Не помню, как оно перегнуло палку, но что-то из его арсенала переборщило, стало слишком, и я едва не заорал на весь этот зал, наполненный фальшивой тишиной из задавленных голосов и недовольного сопения училок.
Подавляя рвущийся из горла вопль возмущения, я решил вспомнить что-нибудь хорошее, но ничего не вспомнилось, и чтоб на самом деле не заорать, быстро начал представлять, как выйду наконец из этого банного зала и не пойду на русский. Пош-шел он в жопу. Заметят – ну и хер с ними. Со всеми. Я пойду в раздевалку и возьму свое пальто. Вот так. Если уже будет звонок, то подымусь к самому выходу и постою, прислушиваясь, сколько надо. Чтоб никто не выцепил меня на выходе. Нет, я все сделаю как надо – сегодня мне попадаться нельзя. Только не сегодня. Сегодня я позволил вам столько, что могу не ходить в вашу сраную школу до самых каникул, вот так.
Я даже не заметил, как сделал шаг, другой, третий, мне как-то все не удавалось осмыслить оставшийся на сетчатке отпечаток удивленных блинов, повернувшихся к вышедшему из строя и Нарушившему.
Но задержавшийся сигнал все же добрался до мозга, и я, испугавшись почти до обосранных штанов, замер посреди зала, растерянно глядя на Старшую Пионервожатую, творящую советский зигхайль толстенькому коротышке Иодловскому, Главному Пионеру. Они как-то так удачно повернулись ко мне, что картинка Всего Этого сложилась окончательно.

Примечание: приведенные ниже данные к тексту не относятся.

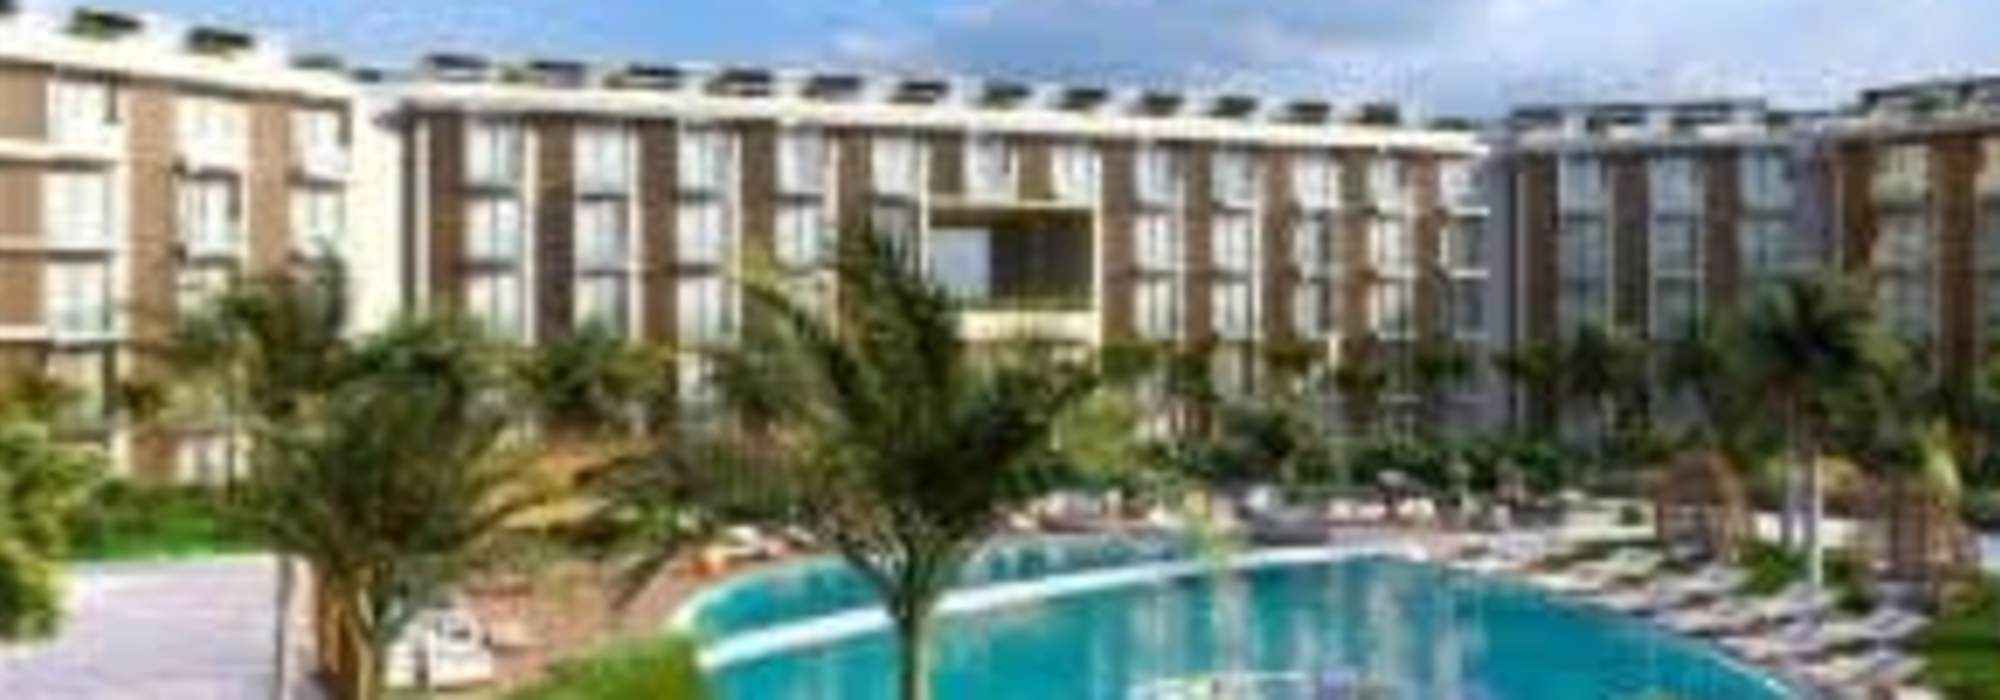 Apartment for sale Punta Cana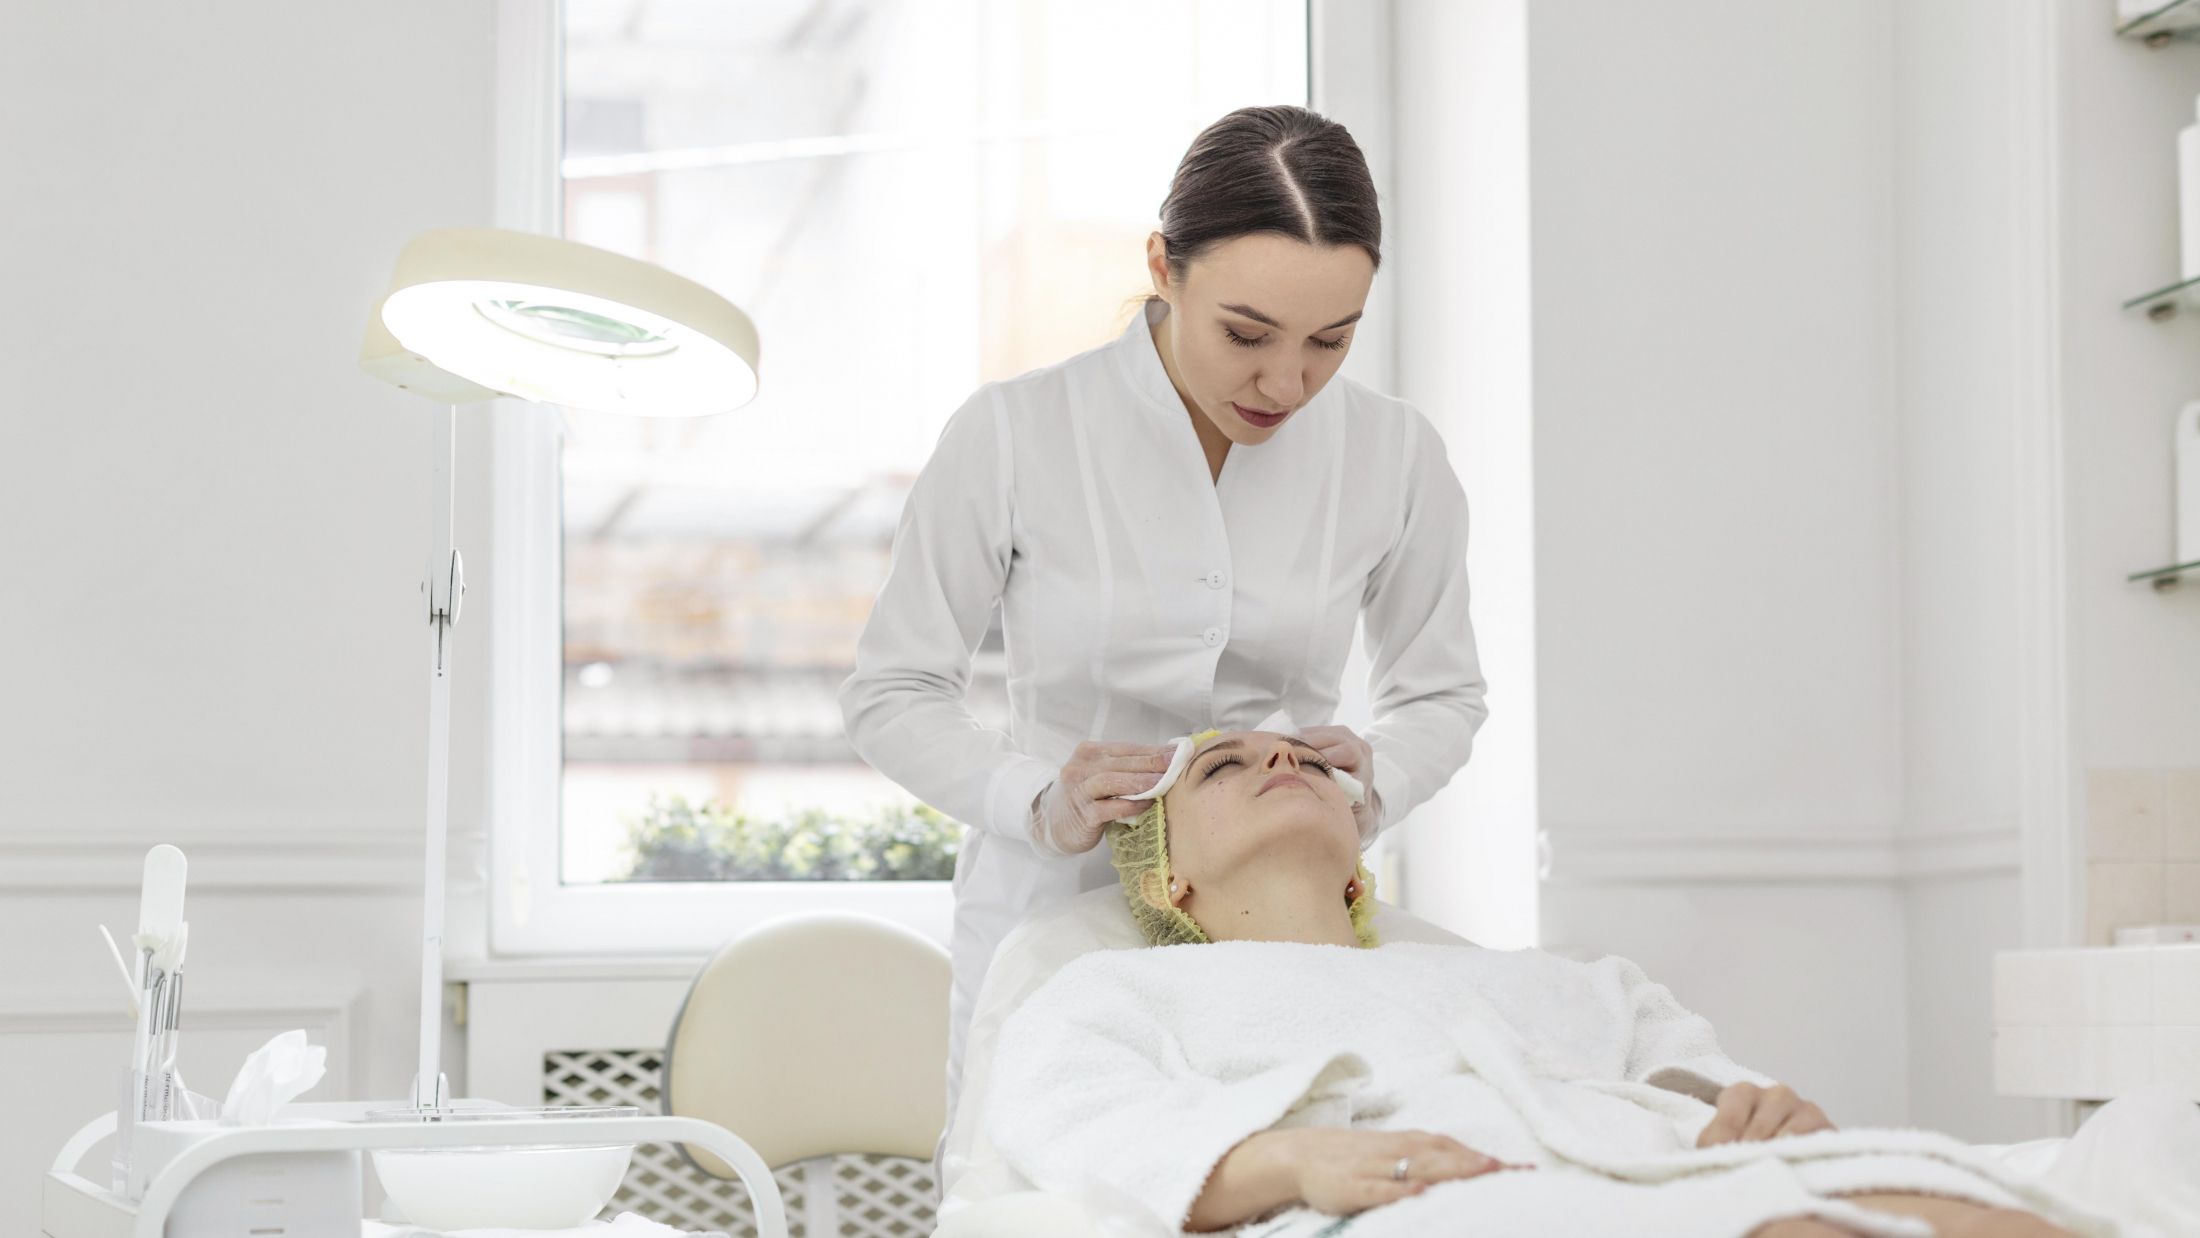 woman-at-beauty-clinic-for-face-treatment.jpg

Не скажу, что я тогда разглядел, – ни сейчас, ни, скорее всего, когда-нибудь еще. Причина проста – поверишь в такое только тогда, когда увидишь сам, не раньше. Попытка передать это словами автоматически причислит меня к блаженненьким или, того хуже, проходимцам – типа покойного Лонго. На фиг, согласитесь, мне оно надо прославлять идиотом себя самого. Короче, замнем эту тему для ясности.
От увиденного мой организм проснулся. Нет, я продолжал пребывать в накачанном до полусумасшествия бешенстве и все так же не видел вокруг себя ничего, кроме размазанного ряда строя и ярких оконных пятен; проснулось одно тело. Странное ощущение: тело будто открыло глаза, прикинуло ситуацию и поддержало меня, стремящегося вытащить нас обоих из этого насыщенного испарениями сортира, и даже ткнуло меня в бок – мол, смотри, кто-то идет.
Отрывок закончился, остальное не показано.